"Ah, they did it. They got what they wanted"
This is classic Tammy...I mean BYU. Much like the University of Texas, BYU decided they were too big for their current situation and had their heart set on telling the rest of the conference to piss off. But unlike the remainder of the now 10-team Big 12, the rest of the Mountain West declined to buy into the Cougars' hubris and make concessions to them to make them feel like we're all just sucking at their magic underwear-covered teet. According to Gil LeBreton's column in this morning's Star-Telegram, one of the major points that BYU was whining about was the fact that TCU's baseball team was on The Mtn much more often than their team. I'd like to point out that the reason for that was because TCU's own RTVF students produced the games and because, like Shooter McGavin, we were too busy WINNING.

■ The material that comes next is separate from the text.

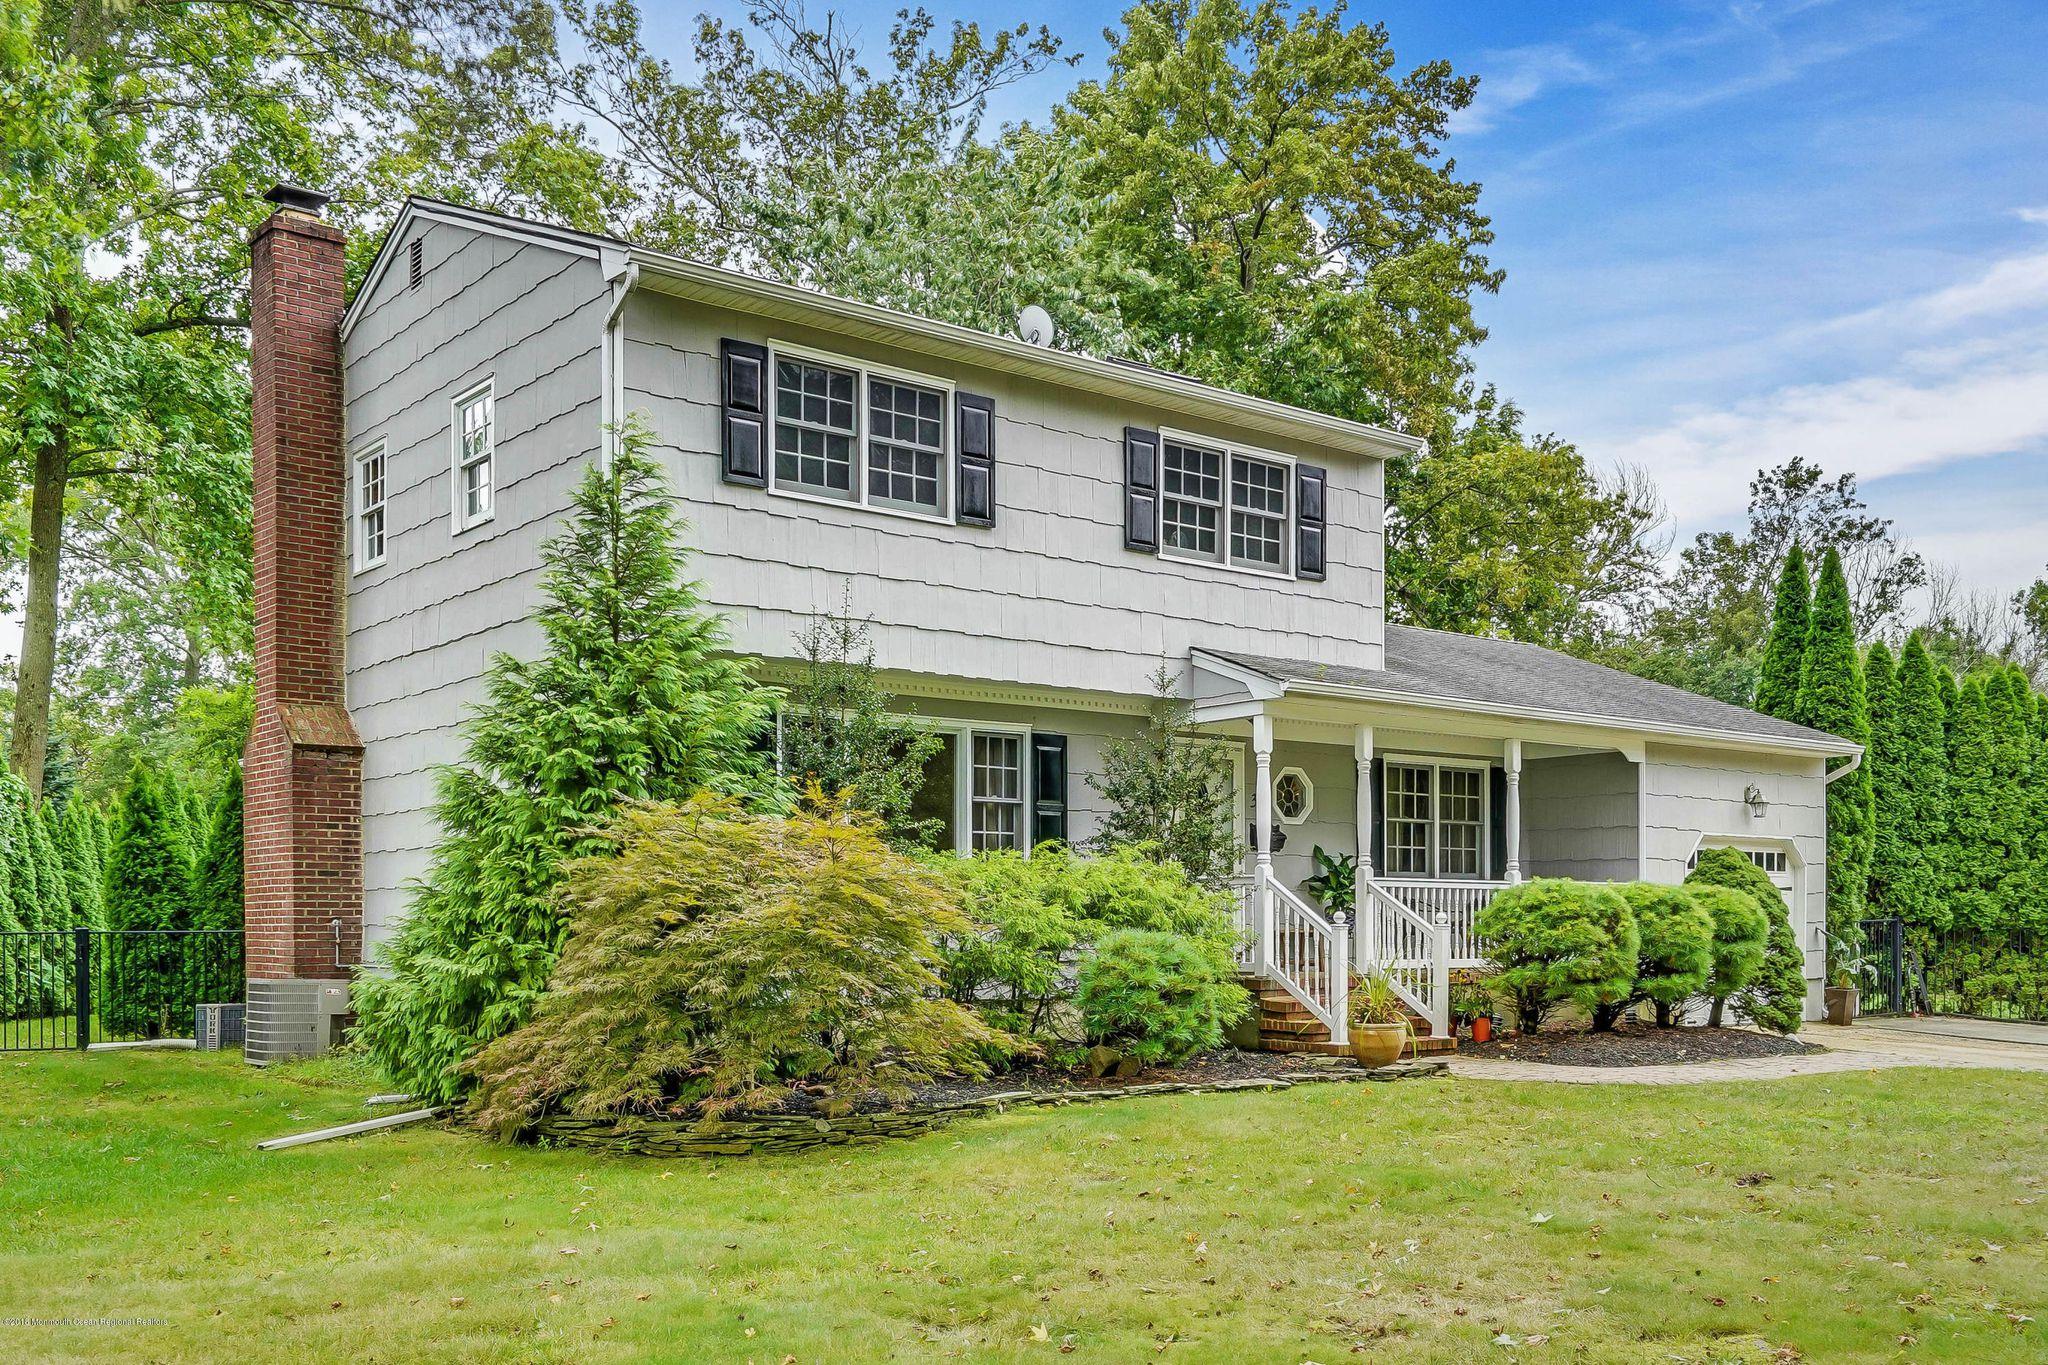 36 Heath Ave, Oakhurst, NJ 07755 - 3 Bed, 2 Bath Single-Family Home - MLS  #21918681 - 41 Photos | Trulia

I would say good luck to BYU in the future...but really, I wish the exact opposite on them. I want them to slowly realize the error of their ways and crash back down to earth like Icarus. Of course, they probably aren't familiar with that bit of Greek mythology because they've got their own ridiculous stories cluttering their robotic brains. So I'll just say it once: Fuck you, BYU. On October 16th, as Trent Reznor once said, you're going to get what you deserve.
Now, if you had told me two years ago that our conference would be losing both Utah and BYU, I probably would've had a panic attack. But before you go running around like Chicken Little telling everyone that the sky is falling, just remember what TCU's got going for it. Our football team has been in the Top 10 more often than not the past few years, we just shattered our season-ticket record, we're about to break ground on a massive stadium renovation, we're recruiting at a high level, we have one of (if not THE) best coaches in the country and we're right in the middle of one of the biggest media markets (and recruiting areas) in the nation. This isn't the end of conference shuffling. We'll be fine.